其次,决定支持Python 3继续,特别是Python 2的回退。这意味着用str覆盖unicode,并找出不返回相同类型的方法/函数在两个Python版本中都应该被修改和替换以返回正确的类型(作为Python 3版本)。请注意,bytes也是一个保留字,所以不要使用它。
将它们组合在一起,您的代码将如下所示:
import struct
import sys
if sys.version_info < (3, 0):
str = unicode
chr = unichr
def bin_to_float(b):
""" Convert binary string to a float. """
bf = int_to_bytes(int(b, 2), 8) # 8 bytes needed for IEEE 754 binary64
return struct.unpack(b'>d', bf)[0]
def int_to_bytes(n, minlen=0): # helper function
""" Int/long to byte string. """
nbits = n.bit_length() + (1 if n < 0 else 0) # plus one for any sign bit
nbytes = (nbits+7) // 8 # number of whole bytes
ba = bytearray(b'')
for _ in range(nbytes):
ba.append(n & 0xff)
n >>= 8
if minlen > 0 and len(ba) < minlen: # zero pad?

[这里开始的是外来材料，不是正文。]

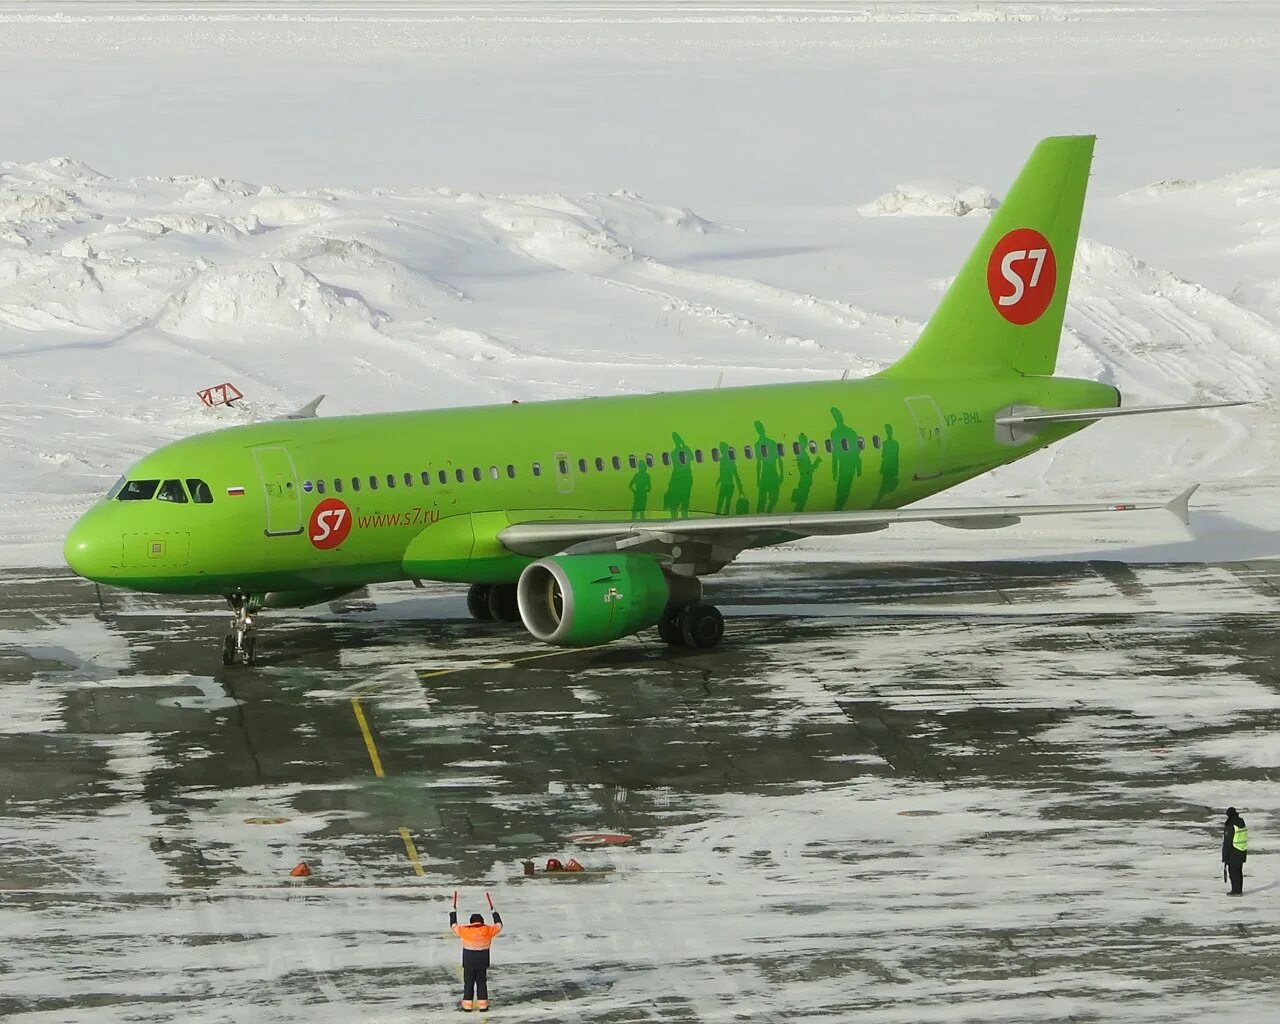 Севен фото. Аэробус а319 s7 Airlines. A319 s7. Airbus a-319 самолёта s7. Airbus a319 s7.

ba.extend((minlen-len(ba)) * b'0')
return u''.join(str(chr(b)) for b in reversed(ba)).encode('latin1') # high bytes at beginning
# tests
def float_to_bin(f):
""" Convert a float into a binary string. """
ba = struct.pack(b'>d', f)
ba = bytearray(ba)
s = u''.join(u'{:08b}'.format(b) for b in ba)
s = s.lstrip(u'0') # strip leading zeros
return (s if s else u'0').encode('latin1') # but leave at least one
for f in 0.0, 1.0, -14.0, 12.546, 3.141593:
binary = float_to_bin(f)
print(u'float_to_bin(%f): %r' % (f, binary))
float = bin_to_float(binary)
print(u'bin_to_float(%r): %f' % (binary, float))
print(u'')
我使用latin1编解码器只是因为它是最初定义的字节映射,它似乎有用
$ python2 foo.py
float_to_bin(0.000000): '0'
bin_to_float('0'): 0.000000
float_to_bin(1.000000): '11111111110000000000000000000000000000000000000000000000000000'
bin_to_float('11111111110000000000000000000000000000000000000000000000000000'): 1.000000
float_to_bin(-14.000000): '1100000000101100000000000000000000000000000000000000000000000000'
bin_to_float('1100000000101100000000000000000000000000000000000000000000000000'): -14.000000
float_to_bin(12.546000): '100000000101001000101111000110101001111110111110011101101100100'
bin_to_float('100000000101001000101111000110101001111110111110011101101100100'): 12.546000
float_to_bin(3.141593): '100000000001001001000011111101110000010110000101011110101111111'
bin_to_float('100000000001001001000011111101110000010110000101011110101111111'): 3.141593
再次,但这次是在Python 3.5)
$ python3 foo.py
float_to_bin(0.000000): b'0'
bin_to_float(b'0'): 0.000000
float_to_bin(1.000000): b'11111111110000000000000000000000000000000000000000000000000000'
bin_to_float(b'11111111110000000000000000000000000000000000000000000000000000'): 1.000000
float_to_bin(-14.000000): b'1100000000101100000000000000000000000000000000000000000000000000'
bin_to_float(b'1100000000101100000000000000000000000000000000000000000000000000'): -14.000000
float_to_bin(12.546000): b'100000000101001000101111000110101001111110111110011101101100100'
bin_to_float(b'100000000101001000101111000110101001111110111110011101101100100'): 12.546000
float_to_bin(3.141593): b'100000000001001001000011111101110000010110000101011110101111111'
bin_to_float(b'100000000001001001000011111101110000010110000101011110101111111'): 3.141593
它还有很多工作要做,但在Python3中你可以更清楚地看到类型是以正确的字节完成的。我还将您的bytes = []更改为bytearray,以更清楚地表达您要执行的操作。
答案 1 :(得分:1)
我从@ metatoaster的答案中采用了不同的方法。我刚刚修改了int_to_bytes以使用并返回bytearray:
def int_to_bytes(n, minlen=0): # helper function
""" Int/long to byte string. """
nbits = n.bit_length() + (1 if n < 0 else 0) # plus one for any sign bit
nbytes = (nbits+7) // 8 # number of whole bytes
b = bytearray()
for _ in range(nbytes):
b.append(n & 0xff)
n >>= 8
if minlen > 0 and len(b) < minlen: # zero pad?
b.extend([0] * (minlen-len(b)))
return bytearray(reversed(b)) # high bytes at beginning
这似乎在Python 2.7.11和Python 3.5.1下都没有任何其他修改。
请注意,我使用0代替'0'填充零。我没有做太多测试,但肯定是你的意思?
答案 2 :(得分:1)
在Python 3中,整数有一个to_bytes()方法,可以在一次调用中执行转换。但是,既然你要求一个适用于Python 2和3的解决方案未经修改,那么这是另一种方法。
如果您通过十六进制表示绕道而行,则int_to_bytes()函数变得非常简单:
import codecs
def int_to_bytes(n, minlen=0):
hex_str = format(n, "0{}x".format(2 * minlen))
return codecs.decode(hex_str, "hex")
当十六进制字符串获得奇数个字符时,您可能需要一些特殊的案例处理来处理这种情况。
请注意,我不确定这适用于所有版本的Python 3.我记得在某些3.x版本中不支持伪编码,但我不记得细节。我用Python 3.5测试了代码。